Published: 2012 by Head of Zeus
My copy: Bought on Kindle
Memorable quote: “What is it about this animal that is so bad and terrifying to you? She’s clean, she’s intelligent, she’s gentle – she’s never bitten anyone.”
Distinctly Dickensian in setting, The Twyning is the tale of a war. It is a war between humans and rats as the residents of an unnamed Victorian town unify under the leadership of a rather sinister doctor who is obsessed with the extermination of this singularly determined species. The novel alternates between a human perspective and a rodent one: Dogboy is a young street orphan, himself a scavenger, scraping a living working both for the Doctor and for a man who traps rats to be used in the local terrier pits. But the novel’s most memorable voice is that of Efren, a restless young rat on the margins of rat society who comes to play a crucial role in the future of his colony, or ‘Kingdom’ as Blacker terms rat society. This is a pacy, enjoyable read with plenty of tension and rich in detail that is sometimes gruesome but never gratuitous – because nature is cruel and survival is hard, for rats and underprivileged humans alike.
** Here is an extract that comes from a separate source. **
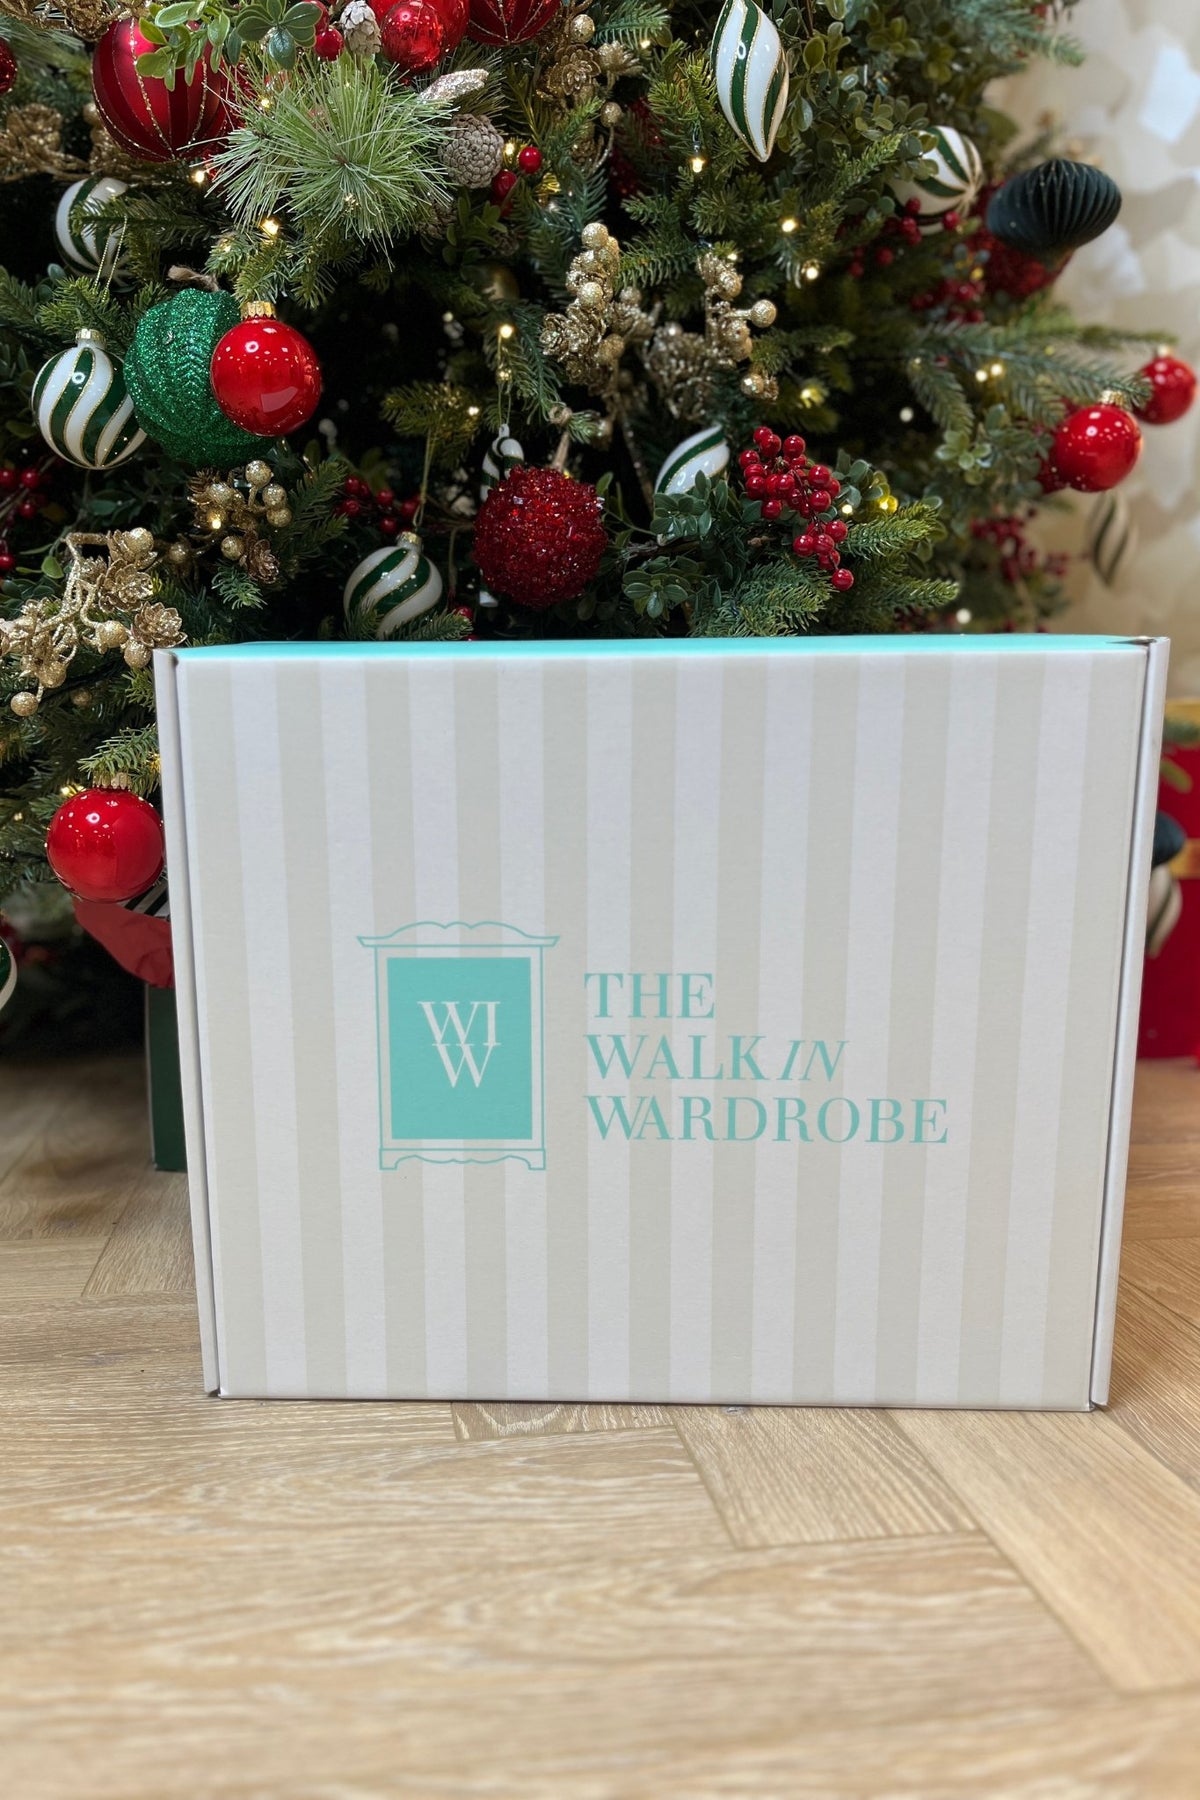 WIW Luxury Packaging - The Walk in Wardrobe
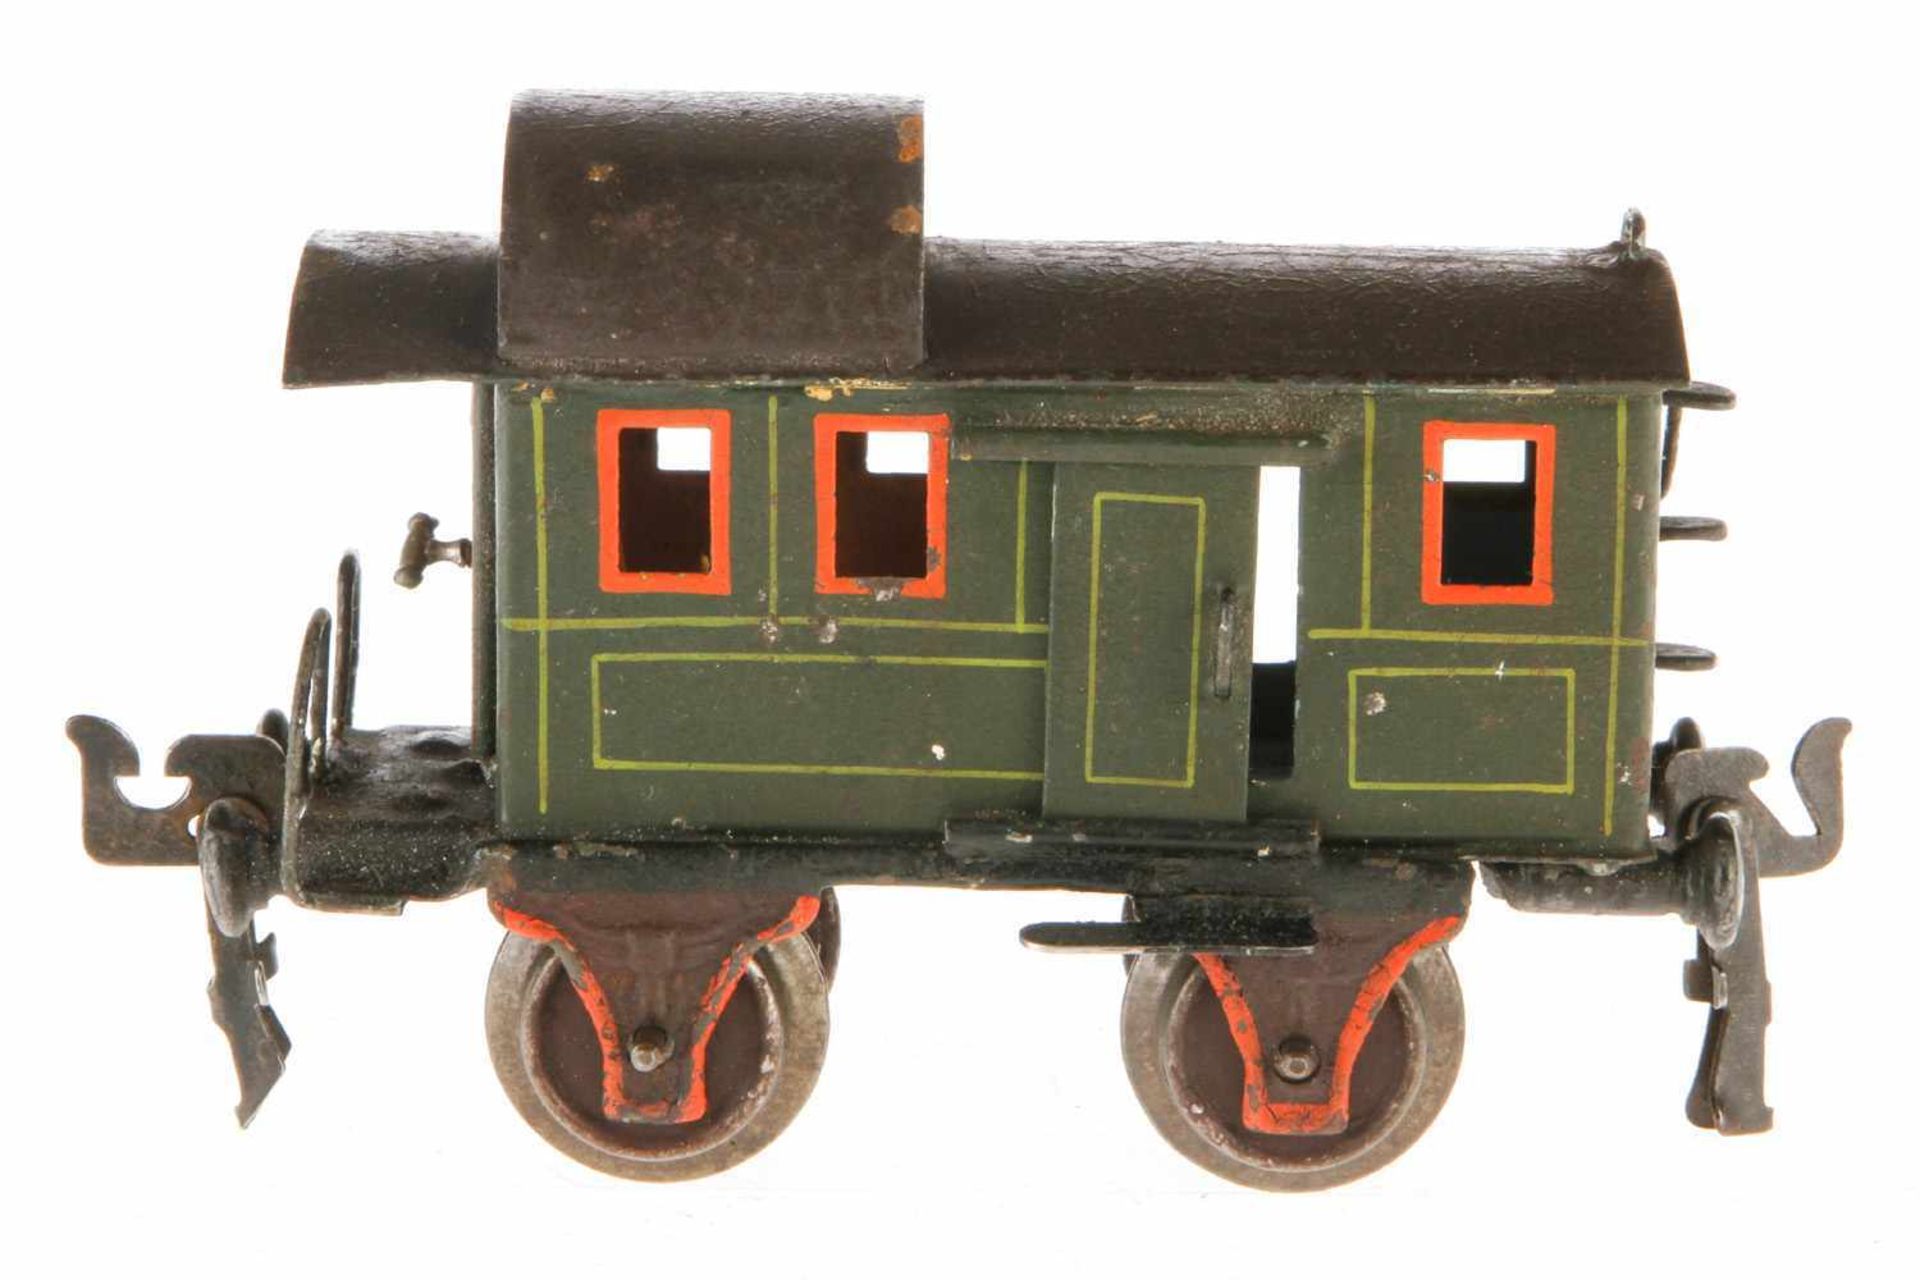 Märklin Gepäckwagen 1836, S 0, uralt, HL, mit Diensteinrichtung, 2 ST und 1 AT, LS und gealterter

Although, more than anything, how you respond to Blacker’s novel is likely to be determined by how you feel about the creatures it stars. So I should probably declare my allegiance now:
I am a rat lover. My husband and I have kept rats for many years now so the scenes in The Twyning that depict rats as intelligent and empathic team-workers really weren’t revelations to me, although I imagine they could be for some. Blacker imagines rat society as divided into courts each with a distinct function: the warriors, the tasters, the spies and so on. I really liked this conception. It chimes so well with my experience of these fascinating creatures. Even in a small group like mine it’s possible to observe the different social roles each rat plays within their very pronounced hierarchy: distinct individuals who can come together to form a powerful whole. But the term “court” also evokes the Machiavellian politics of Renaissance Europe, and rat society is similarly far from harmonious. The Kingdom takes on the qualities of its ruler and as rats are short-lived creatures good rulers and bad rulers come and go.
In Rat, his pop-history of the animal in history, myth and culture (Reaktion Books, 2006), Jonathan Burt describes the rat as “the shadow of the human,” suggesting that we commonly despise them because they are so much like ourselves. Just like human beings, rats are highly intelligent and resourceful with a frightening capacity to over-perpetuate. The uncomfortable similarities between rats and humans is something that Terry Pratchett also touches on (albeit more humorously) in another great rat story: The Amazing Maurice and his Educated Rodents. The mirrored human/rat perspectives of The Twyning really flesh out this theme. Human society above ground and the rat kingdom below it are surprisingly similar: both can be cruel and prejudiced at times, compassionate and kind at others. With finite resources, the dirty business of living may draw rats and humans on opposite teams but both will play better if they learn a grudging respect for the other side. This was what I took to be the overall message of The Twyning, but it’s a moral delivered without preaching (with just a few exceptions: at times the language of some of the less sympathetic rat leaders just smacked too strongly of post 911 hyper-vigilance). Rather, Blacker does it just by telling a gripping story with characters you can really care about (even if some of them are rats) and I salute him for that.
My main criticism of this book is that at times some of the more human-focused elements seemed rather unrealistic, reading more like a children’s book than sat comfortably with the violence and depth of other parts of the narrative. Indeed, the main plot involving Dogboy’s companion, Caz, relies on so many coincidences and chance encounters that – if this doesn’t sound too crazy – I actually found this stretching my credibility more than the notion that rats had developed an ordered courtly society. Because Blacker really nails it as far as rats are concerned. Of course they aren’t that advanced but if they were this is how they would be, and so many of the ratty behaviours he describes are authentic that I was prepared to suspend disbelief for those that were more fantastic. In short, The Twyning wins this Rat-loving Lady’s seal of approval. Do you need to be a rat fan to enjoy it? I would say not: there’s plenty here for anyone with a taste for dark fantasy-tinged Victorian adventure, but for an unbiased review as far as the rat content is concerned I’m afraid you’ll have to find another reviewer.